Just what our armed services need, dysfunctional youths with anger issues.


----------



## Ramsayi (Feb 5, 2011)

ok, now that you guys have this topic sorted I wonder if belting kids will improve their spelling and basic manners?


----------



## dihsmaj (Feb 5, 2011)

Ramsayi said:


> ok, now that you guys have this topic sorted I wonder if belting kids will improve their spelling and basic manners?


 
i don thik so.


----------



## Fuscus (Feb 5, 2011)

Wally76 said:


> Just what our armed services need, dysfunctional youths with anger issues.


Just like Julian Knight! 
BTW - Those in the "stick em in the army" crowd should Google that name


----------



## garthy (Feb 5, 2011)

flog them!!!! Give the kids a taste of what they are doing to others!, then do it again, and again and keep repeating it until these disrespectful little kids learn what's right from wrong! The luvvy duvvy approach doesn't work, but then neither does chucking them in a juvie centre filled with other little kids! (all they do share stories and see who has bragging rights)
I can promise you, the minute my kids cause someone that sort of distress, they will be severely punished. My kids 6, 4 and 2 always say please and thankyou, they even think the word hate is a swear word! Sure they are naughty sometimes but my wife and I are firm with them.


----------



## dihsmaj (Feb 5, 2011)

Flogging wouldn't work.
I'm not saying this is bad, but when I was 9, my teacher used to grab my collar, push me against the wall, and yell at me, for calling out/talking in class... which I did a lot.
I kept doing it, it did nothing.
I did it until last year, when I got into keeping frogs.


----------



## Jen (Feb 5, 2011)

I don't think bringing back the cane would work, the cane was used in a time when parents and the authorities - ie cops - had actual powers. Unless parents decide to discipline their children, and the cops are given back their powers and authority, allowing teachers to cane kids won't work - why should teachers have to discipline someone else's kids? There is no respect for authority in many of today's youth - though, yes, there are those who have half a brain and have respect for other people and their property. However, the government has taken away pretty much everything that would make a kid have any respect for anyone, cops can't do anything, parents are barley allowed to smack their kids etc, the 'do gooder bleeding hearts' have made the govt. take away any actions that parents and police ever had. The police/govt. need to start making these scum kids - and adults - responsible for their actions. Steal a car? No license or car for you. Crash someone elses car? Take away mum/dads car to pay for it. Steal from someone? Your own belongings are removed to pay for the items. Graffiti? Not only have to remove it, but your room/house should be covered. Bring back the public shaming that was around in medieval times, make them appear in public either in stocks (bit extreme) or wearing a shirt that declares their crime. 

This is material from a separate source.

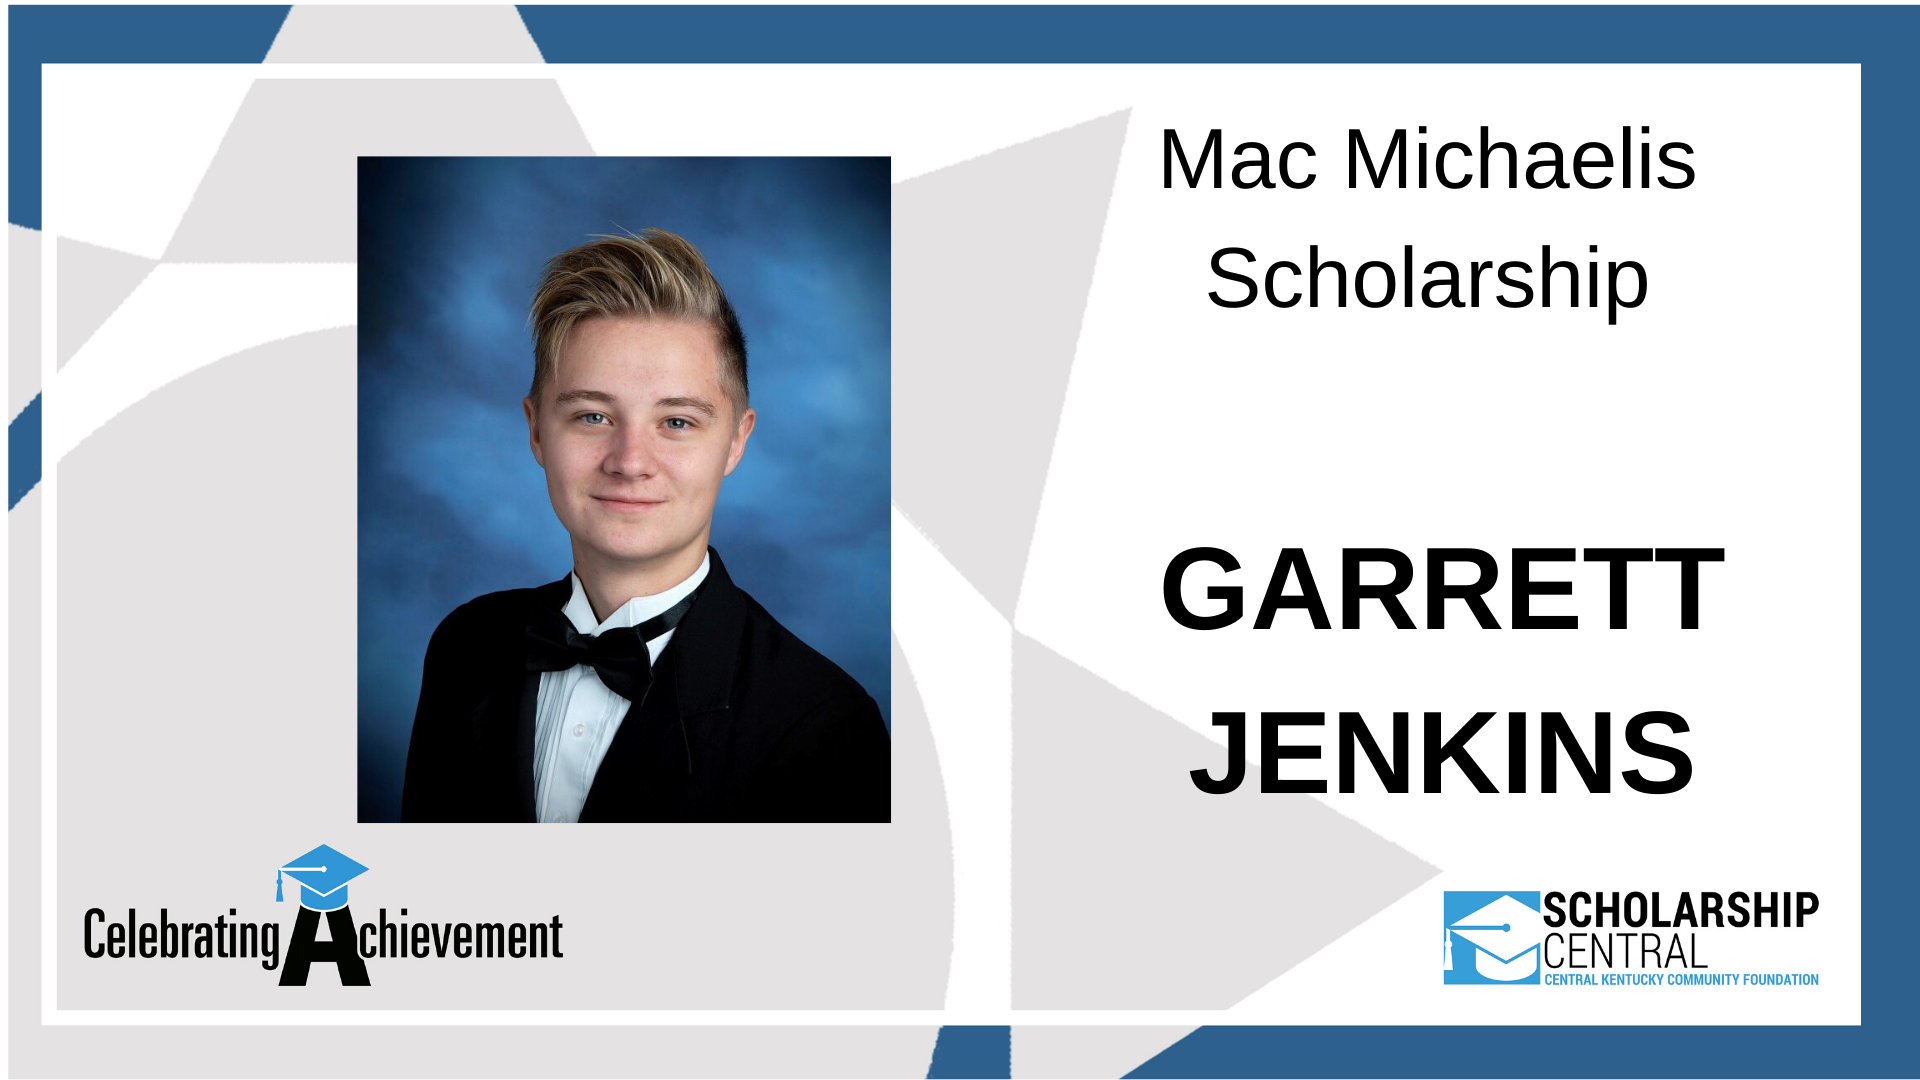 Mac Michaelis Scholarship

Er, rant cut off half way, my ideas of discipline are a little extreme, one subject I studied at uni was the convicts and my essay topic of choice was the forms of punishment used on convicts in early Australia...


----------



## Jk888 (Feb 5, 2011)

lol i wouldnt sugest bringing it back there would be alot of hospitalized teachers


----------



## damian83 (Feb 5, 2011)

isnt it more the parents and the schooling system that arent their weights to help the kids know how to act/behave
positive re-inforcement and a bit of capital punishment and slave labour wont hurt anyone


----------



## Hooglabah (Feb 5, 2011)

I never got smacked, and I have partaken in natural and chemical inebriation, (after I was 18) drank heavily from 16 till 21, fairly well covered in tattoos, work a full-time job, am getting married haveing a child, love and respect my parents and have never hit anybody, stolen anything, set anything on fire, show proper respect to the police even when they are being rude and grouchy to me, pay all my fines and enjoy a happy healthy life.

I'm no exception either all of my friends are the same and I know many many others as well.
There is one thing that stands out above all else is that one or both parents gave a damn about them. 
Enough of a damn to educate them, clothe them, feed them and APPROPREATLY discipline them.
These scummy kids probably have scummy parents, who only saw them as a new tax payed plasma screen tv. 
There is Ofcourse the opposite end of the scale, where they are spoiled brats who parents believe the sun shines out of there back sides and when they do mess up so bad thier parents can't just gloss it over or do the "what a load of rubbish, my Jimmy is an angel" pallava, they will pay for the child in questions muck up or hire the best lawyers they can to get em out.

The Cane, harsher punishment, loud yelling ect, have been proven time and time again to do nothing, evidence has show it all comes down to poor parenting!

The worst part is no parent will ever accept that it's thier fault and nobody will ever tell them they need to pull thier socks up.

The solution would be to take away the one basic right all humans have globally, the right to procreate, parenting licence's or some sort of control to prevent people who are going to be...Inappropriate parents from haveing children.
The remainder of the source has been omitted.